A Cow from Montana

Montana Moo-ves toward more Beef Exports

Japan

A new agreement signed in May between the United States and Japan has lifted restrictions on beef imports, potentially leading to a $200 million annual increase in US exports of the product. Montana in particular—a state with nearly 3 cows per person living there—stands to benefit. The lifting of the restrictions, originally put in place due to concerns over mad cow disease, may help Montana cattle ranchers expand their businesses and grow Montana’s agriculture sector.

This lifting of restrictions was coupled with a decrease in tariffs and US Trade Representative Robert Lighthizer recently announced that he hoped to soon convince Japan to make tariff reductions on wheat imports as well. This would further help Montana’s economy as it gains easier access to a foreign market. In 2017 Montana exported over $106 million worth of goods to Japan, the majority of which were agricultural products.

Aside from the millions of dollars in exports and over 1000 jobs supported by exports to Japan, Montana also has cultural ties with the country. The state recently marked the 35th anniversary with its Japanese sister prefecture, Kumamoto, with a celebration that included many Japanese visitors and a performance by the Missoula children’s theater group. The town of Livingston is also a sister city with Naganohara, Japan.
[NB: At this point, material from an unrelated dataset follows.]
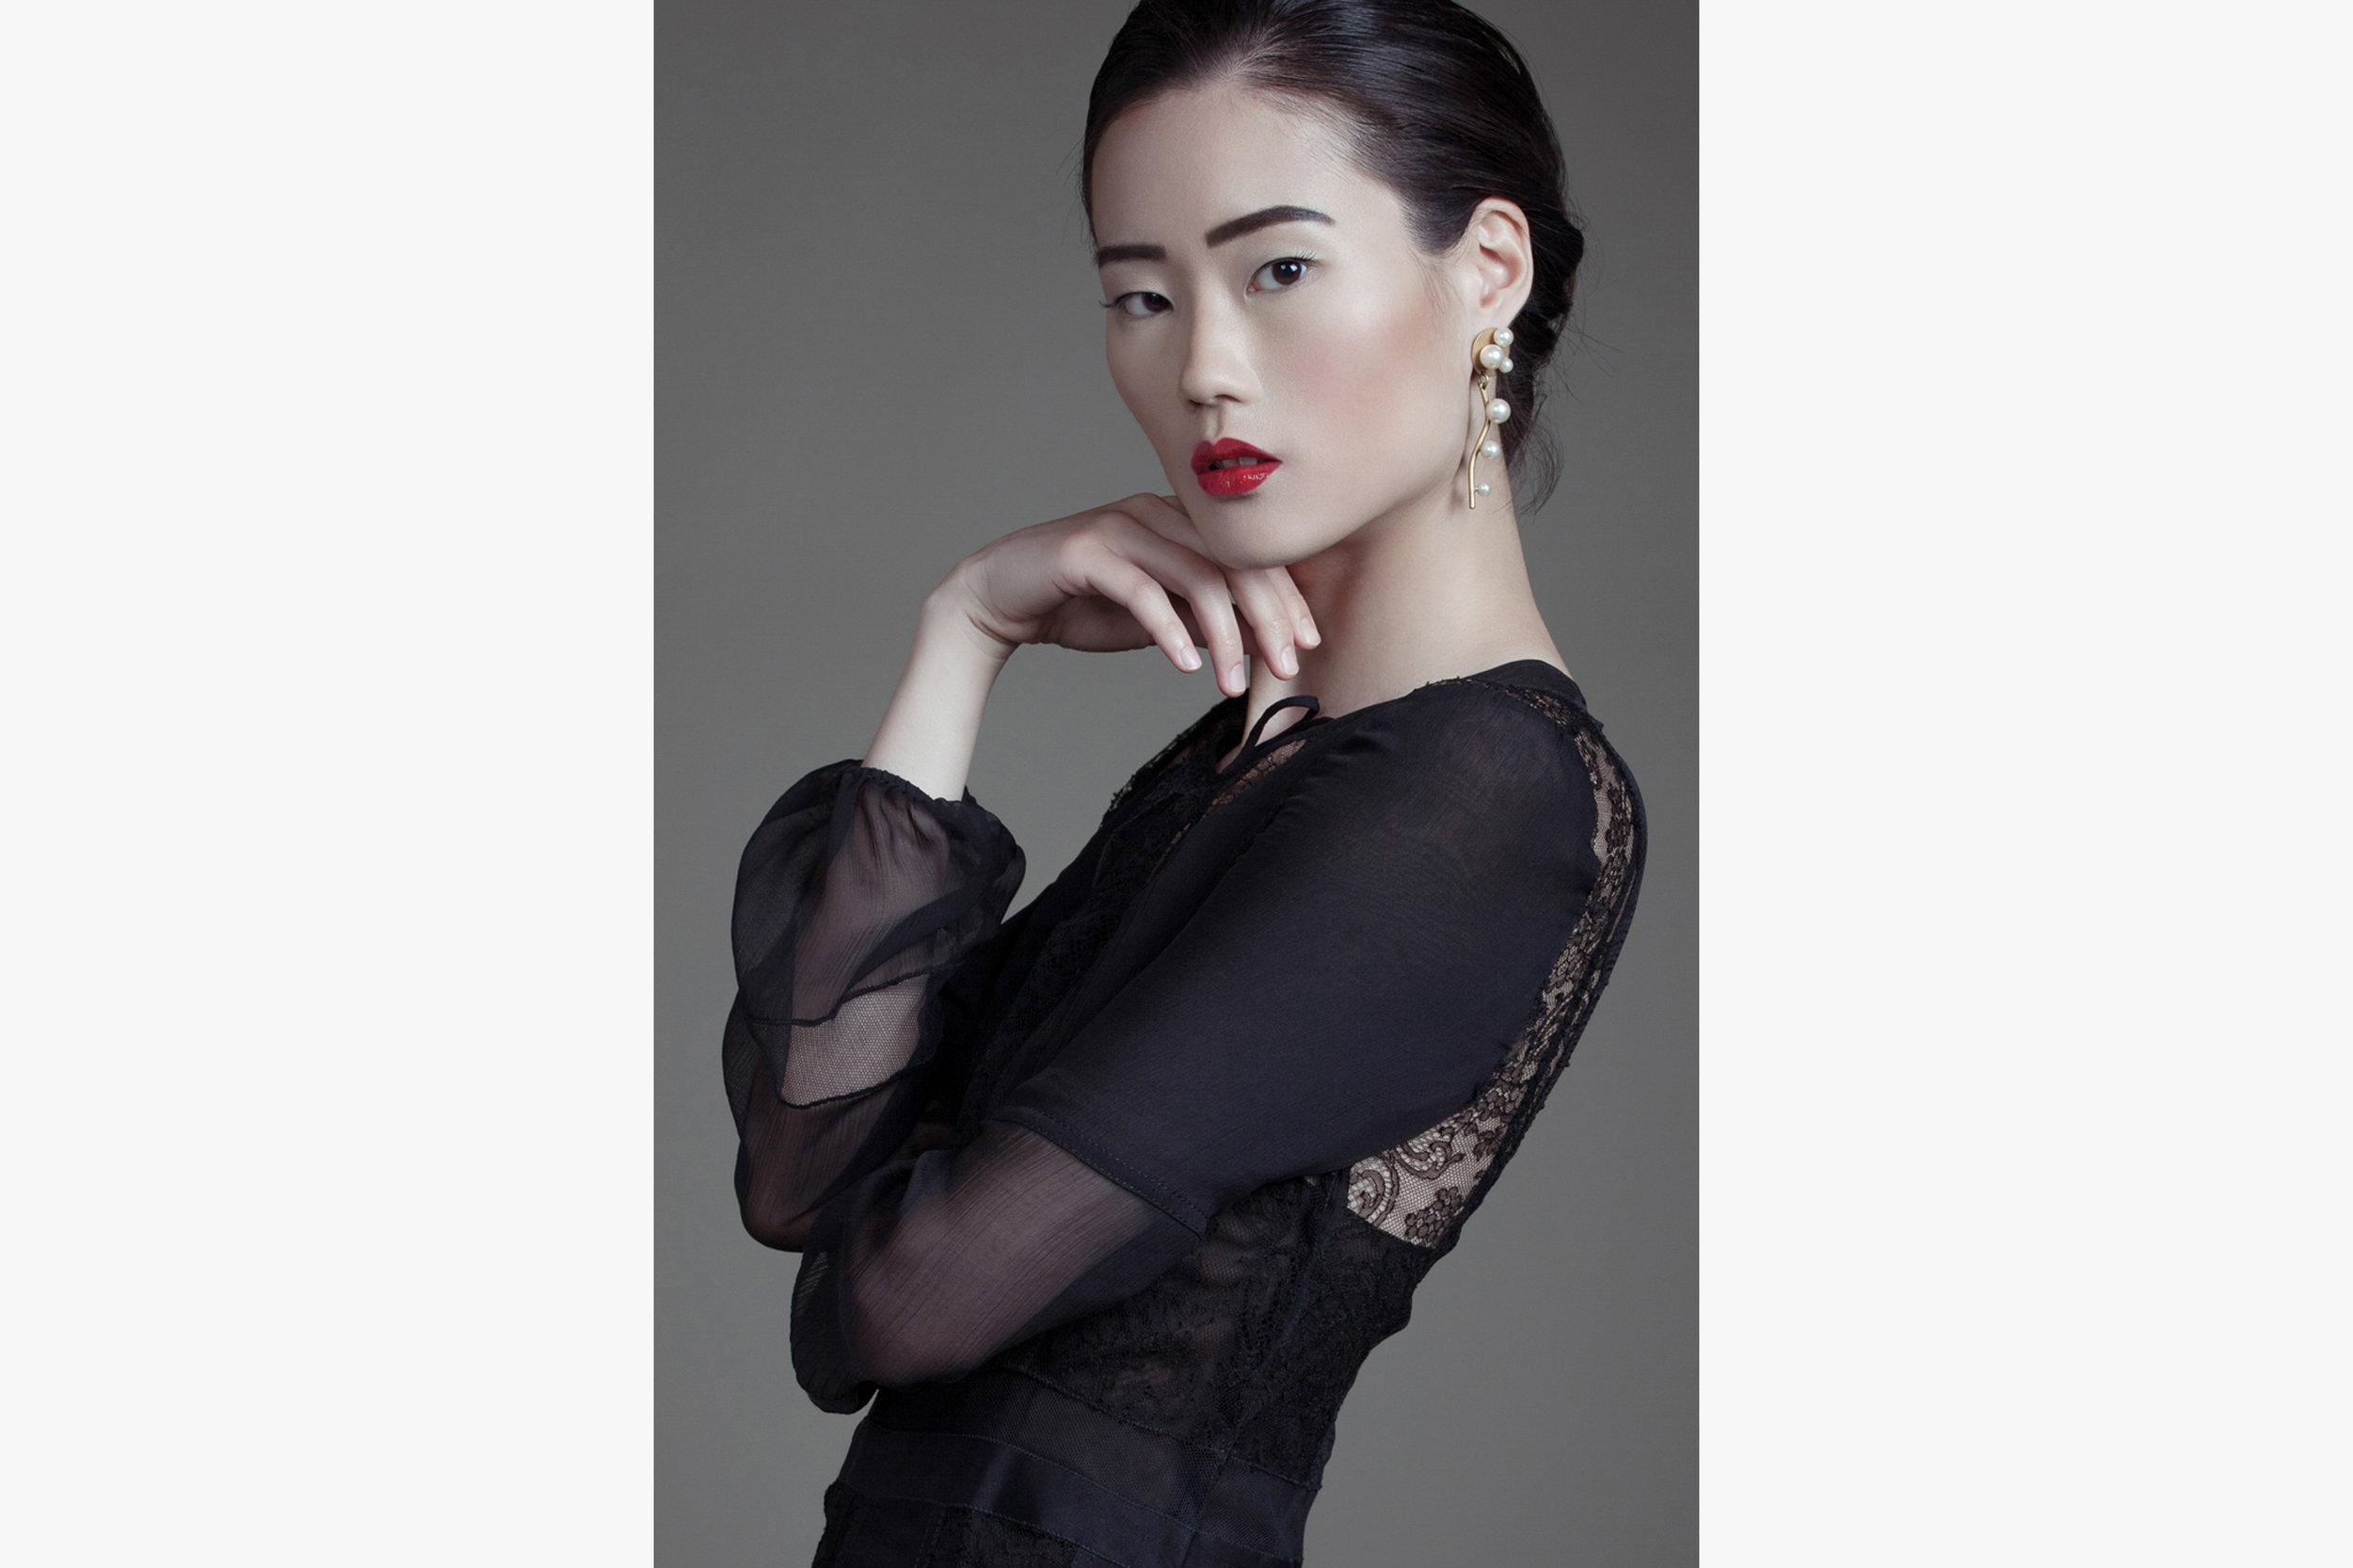 fashion-styling-by-geraldine-duskin-1.jpg

Mike Mansfield, a former US senator from Montana and later the longest-serving US ambassador to Japan, worked hard to forge bonds between Japan and his home state. It was due to his efforts that the sister-state relationship was established. During his time as ambassador, Mansfield referred to the US-Japan relationship as the most important bilateral relationship in the world.
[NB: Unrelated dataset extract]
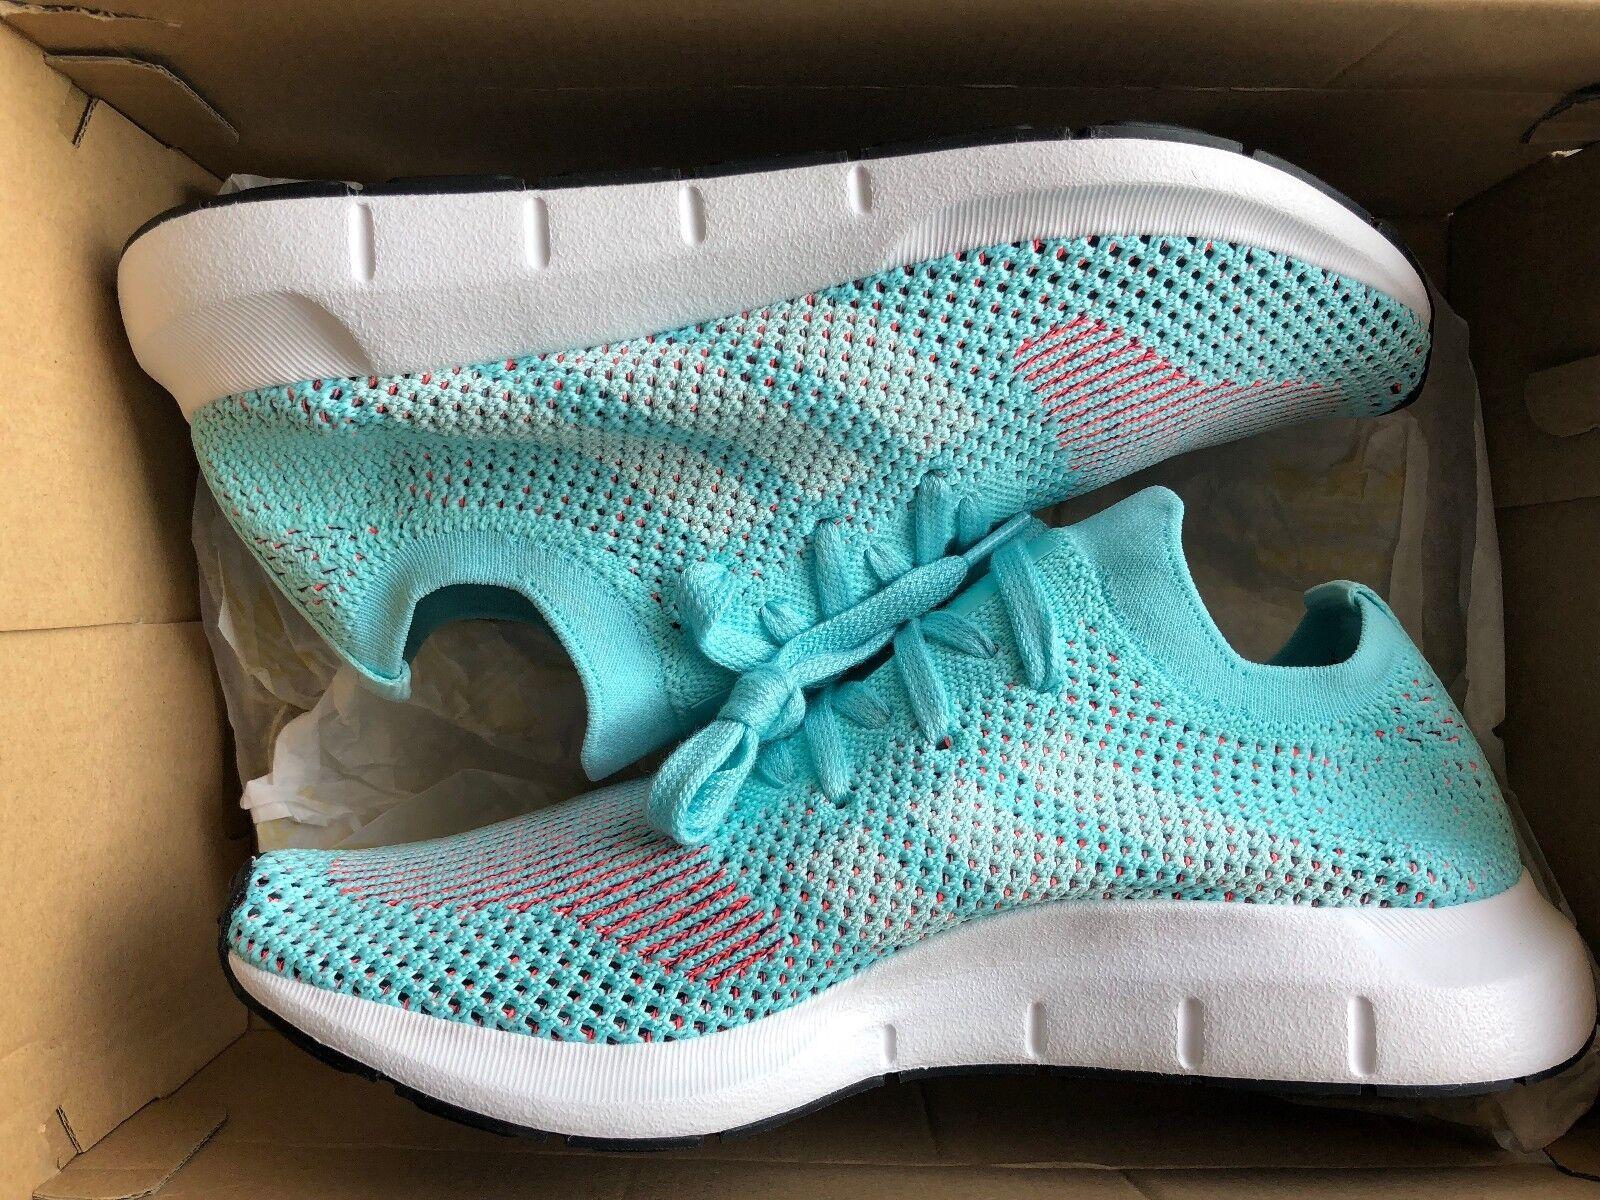 CQ2034 Adidas Originals Swift Run Pk Primeknit W Women Aqua White Running shoes

After he retired, the Mike Mansfield Fellowship Program for federal employees was established by legislation in the US Congress in his honor. This program gives federal employees the chance to travel to Japan to learn the language and get professional training at a position in the Japanese government. The program has just announced its 24th group of Mansfield fellows. Montanans from politicians like Mansfield to regular farmers and children’s theater group members have kept the ties between Japan and Montana strong.



Mark Witzke is a participant in the East-West Center in Washington’s Young Professionals Program. He is also a graduate student studying international politics at UC San Diego's School of Global Policy and the editor in chief of the school's China Focus blog.